Prognosticators are anticipating demonstrations and possible disruptions in the city, but they hope it does not escalate to the level of violence seen in Seattle during talks by world economic leaders. Gorchow said CN8's crew of 170 intends to focus "strictly on politics," but "we'll see what happens."
The MSO has solicited volunteers from within its ranks to work during the convention as hosts to the delegates. Watson said 250 people stepped up, enthused to work at an event not seen in their hometown since a national delegate convention in 1943.
Comcast has worked out a matching program: Volunteers will get time off later for the personal time they give up to work at the convention. Pat Croce, who runs the Comcast-owned Philadelphia 76ers National Basketball Association team, is heading the overall volunteer effort, with a 10,000-participant target number.
Despite the number of staffers supporting the convention and the increased traffic and hubbub near the site, executives do not anticipate any change or drop in normal cable activities in the area.
"There will be no real operational changes. We've seen conventions of similar raw numbers.

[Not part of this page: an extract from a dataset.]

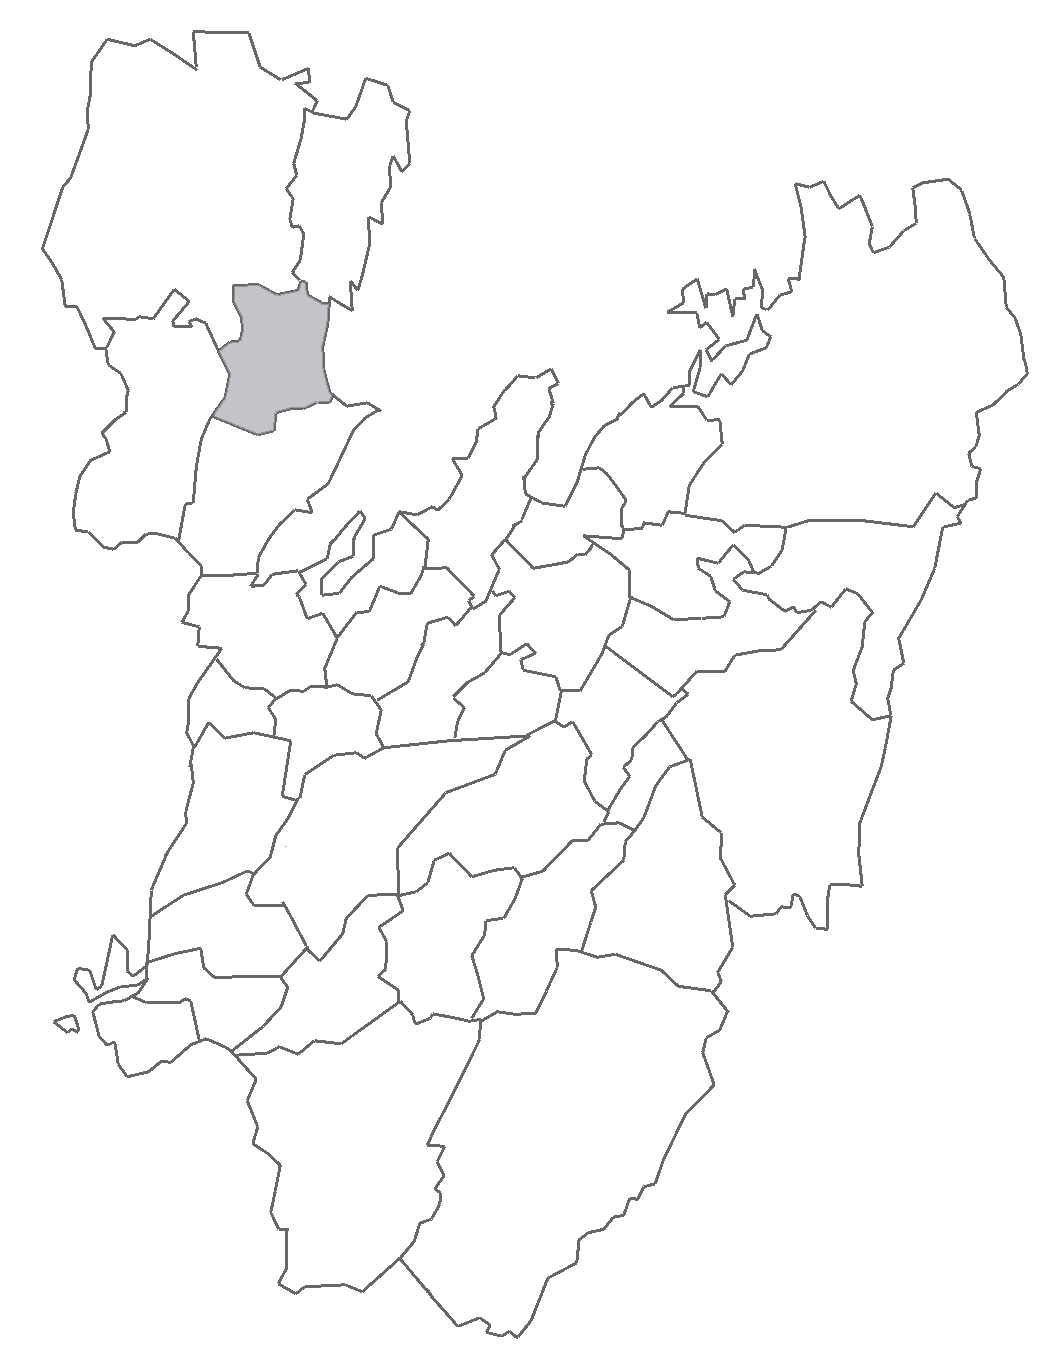 Nordals härad i Dalsland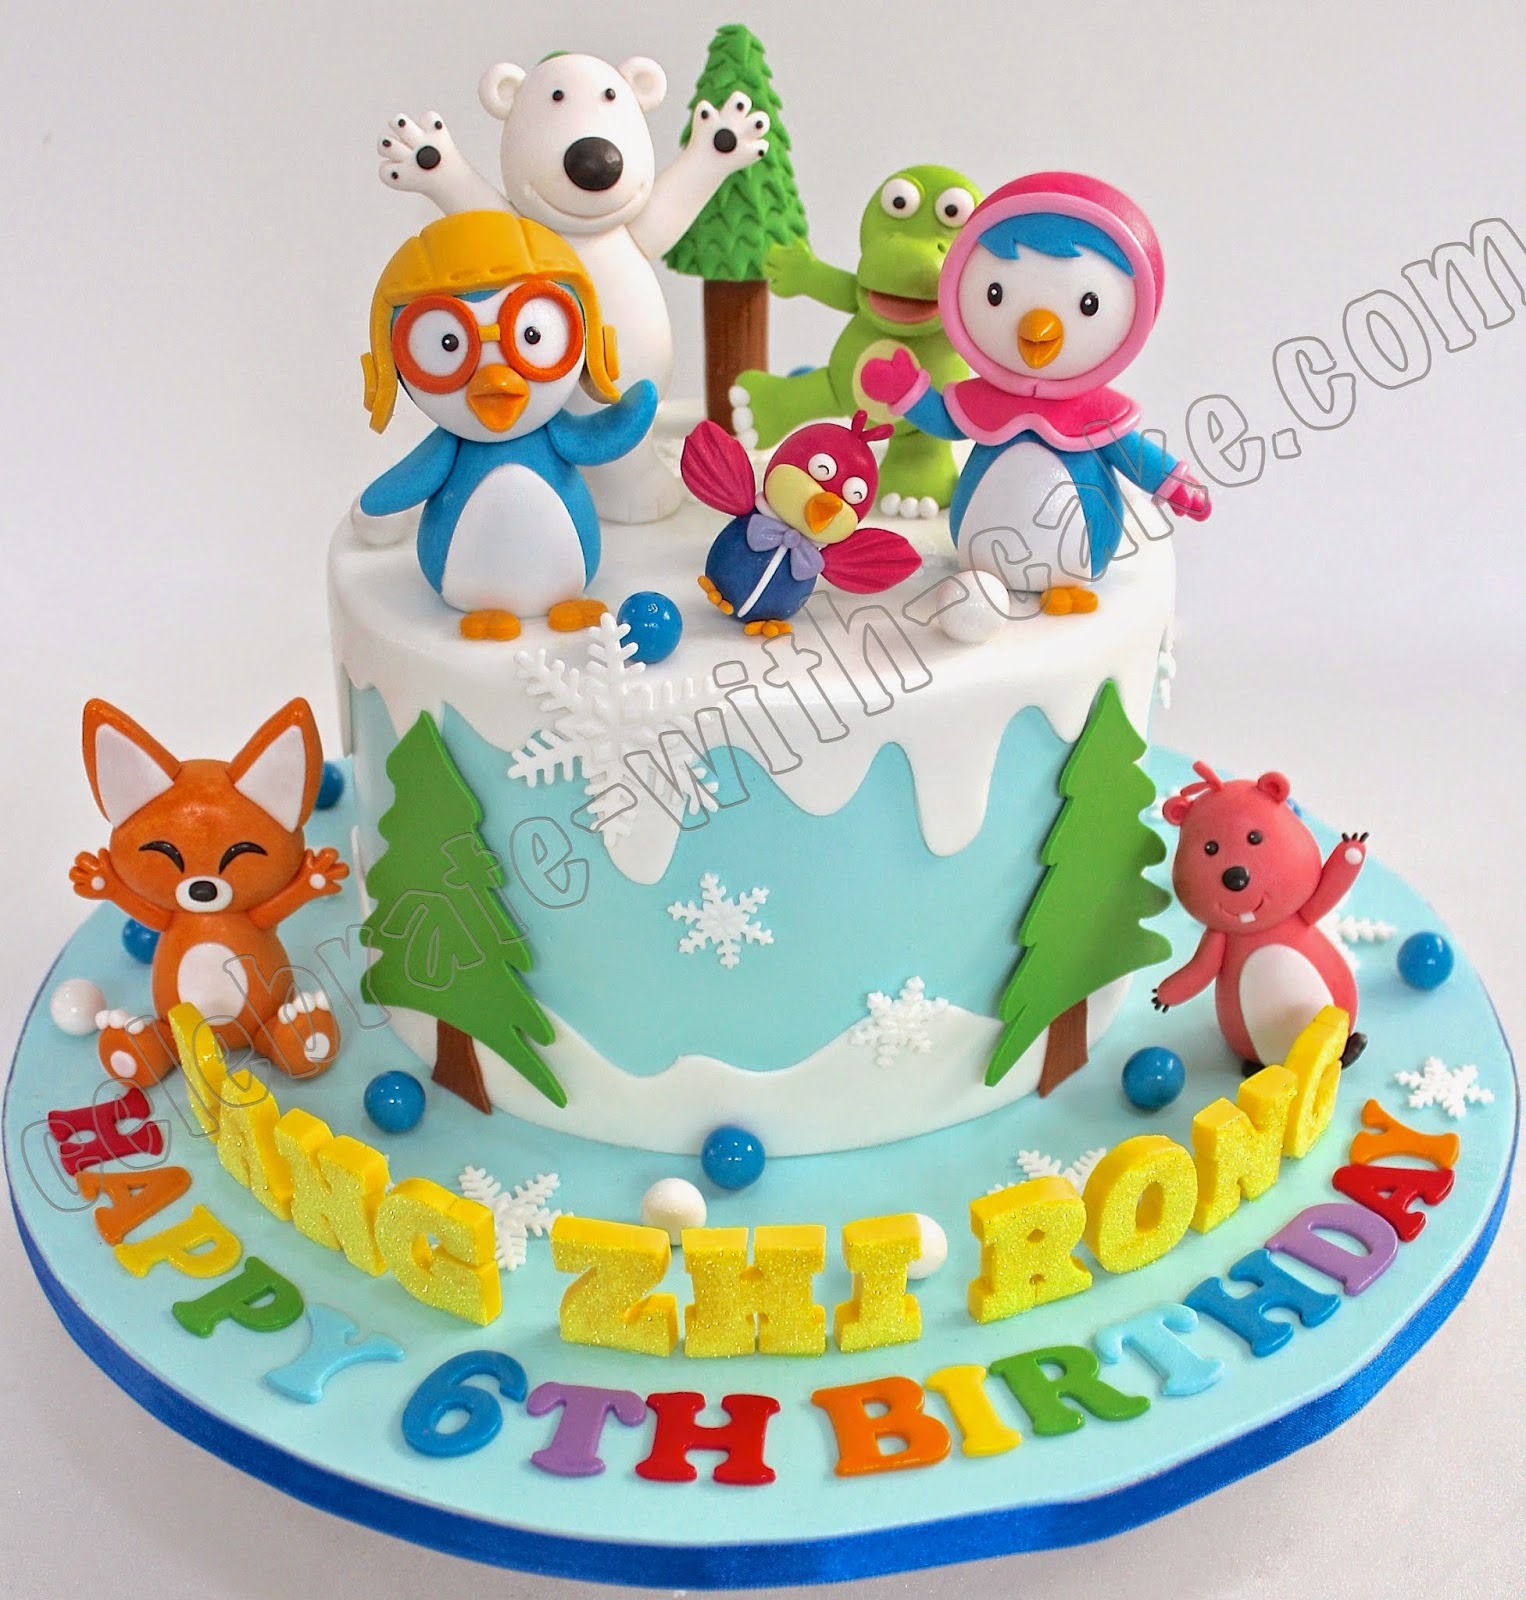 Celebrate with Cake!: Pororo and Friends single tier Cake

We've not seen a big falloff in regular day-to-day activities," Watson noted.
The operator has also been upgrading hotels in the region in the course of its regular business. "When they are ready to open, we're right there," he added.
Does the company expect an uptick in orders from impressed delegates once they return home? "We'll never turn down an order," Watson laughed, "but what we want is for them to leave with a great impression."